A Zero Emission Technology Thermal Power Plant uses the CO2 in its flue gas, which is captured and recycled to produce a clean fuel called Dimethyl Ether (DME). DME is a clean fuel that can be used domestically instead of LPG or in transportation as a substitute for diesel or blended with diesel. It results in zero particulate emissions. This fuel can help solve the present uncertainty in the automobile sector by providing a stable alternative fuel without major changes in technology, and it serves as a technological intervention to achieve emission objectives until the next generation of automobiles takes over in the future. DME would result in near-zero CO2 emissions from diesel vehicles, while the power plant would also have zero emissions from its exhaust.

The present thermal power plants operating in India are subcritical plants, and their average efficiency has never exceeded 30%. Super Critical Power Plants in India operate at 40% energy efficiency. These supercritical power plants, using Oxy Fuel Combustion with CO2 sequestration, have an EEF of 45%. India has a total power generation capacity of 346.61 GW and is adding solar power on a large scale. This creates a grid stability problem, and hence, a total of 200 potential sites have been identified for setting up as many large thermal power plants with a total capacity of 428.9 GW, surpassing the existing installed capacity of 346.61 GW, according to a study by the Central Electricity Authority (CEA).

Clean Coal, Bright Future: Polygeneration Power

The push for solar power and wind power aims to increase the Solar wind Mix from 9% to 30%. However, this transition poses a challenge to grid stability. Therefore, the addition of cleaner coal technology is essential for ensuring power system stability and reducing CO2 emissions, especially considering that India is the third-largest emitter of greenhouse gases (GHGs) in the world.

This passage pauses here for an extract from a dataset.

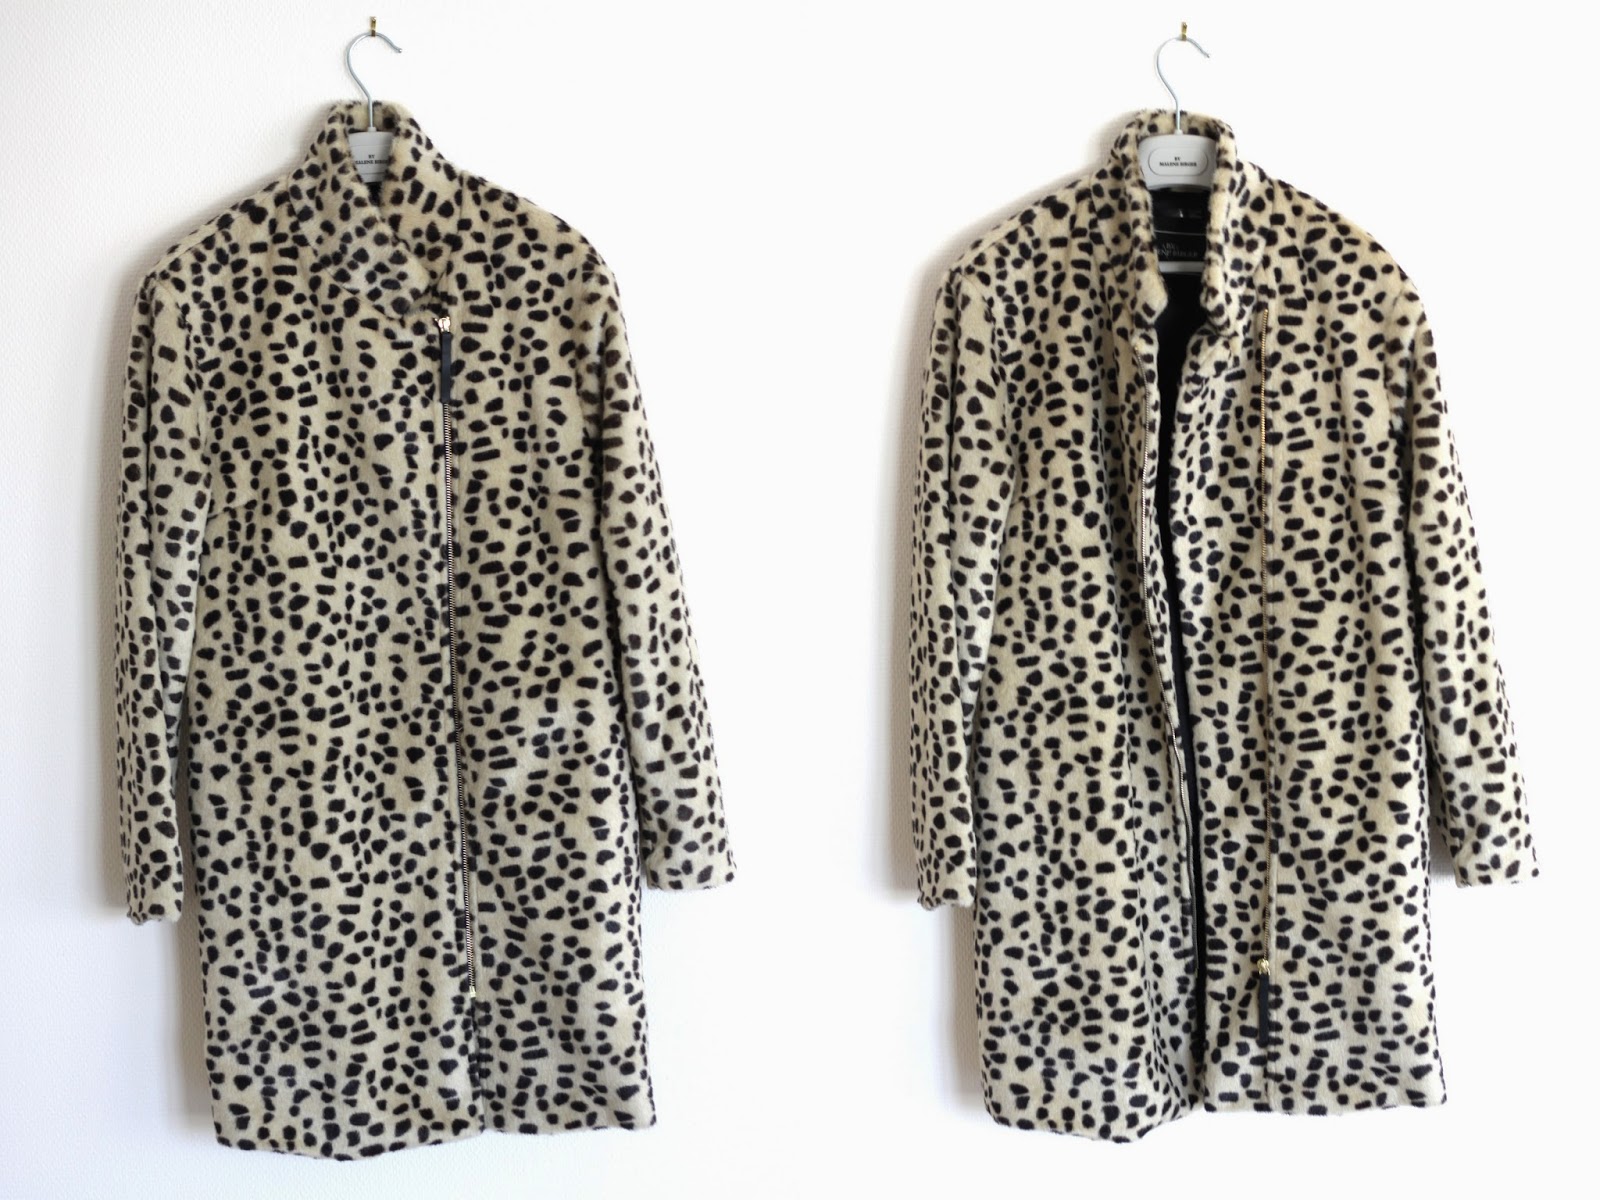 Stina's Vintage Store: by Malene Birger leopard coat

The only long-term solution lies in adopting a polygeneration approach to power production. In this approach, coal/lignite is used to generate power, and the resulting CO2 emissions are utilized to produce a clean fuel called Dimethyl Ether (DME). This approach is imperative because global reserves of petroleum and natural gas are projected to be fully depleted in approximately 50 years. On the other hand, coal/lignite reserves can last for several centuries. Therefore, there will be a need for a cleaner alternative fuel, and DME serves as the silver bullet solution to resolve this paradox.

Fuel Chain Transformation: DME Production and Applications

The fuel chain that has been planned for the present project is first to convert the coal and carbon (from lignite) and carbon dioxide by a patented process of carbon recycling into DME and power in a polygeneration power plant. The process also utilizes methanol to seamlessly produce DME for various purposes:

1. Transportation: Converting diesel vehicles to use DME or DME blends for cleaner emissions.
2. Aviation: DME blends can be used as clean aviation turbine fuel or blended with aviation turbine fuel (ATF).
3. Domestic Fuel: DME can be used as a substitute for liquefied petroleum gas (LPG) or blended with LPG for domestic use.
4. Stationary Power Generation: DME can be utilized for applications such as standby stationary power generation.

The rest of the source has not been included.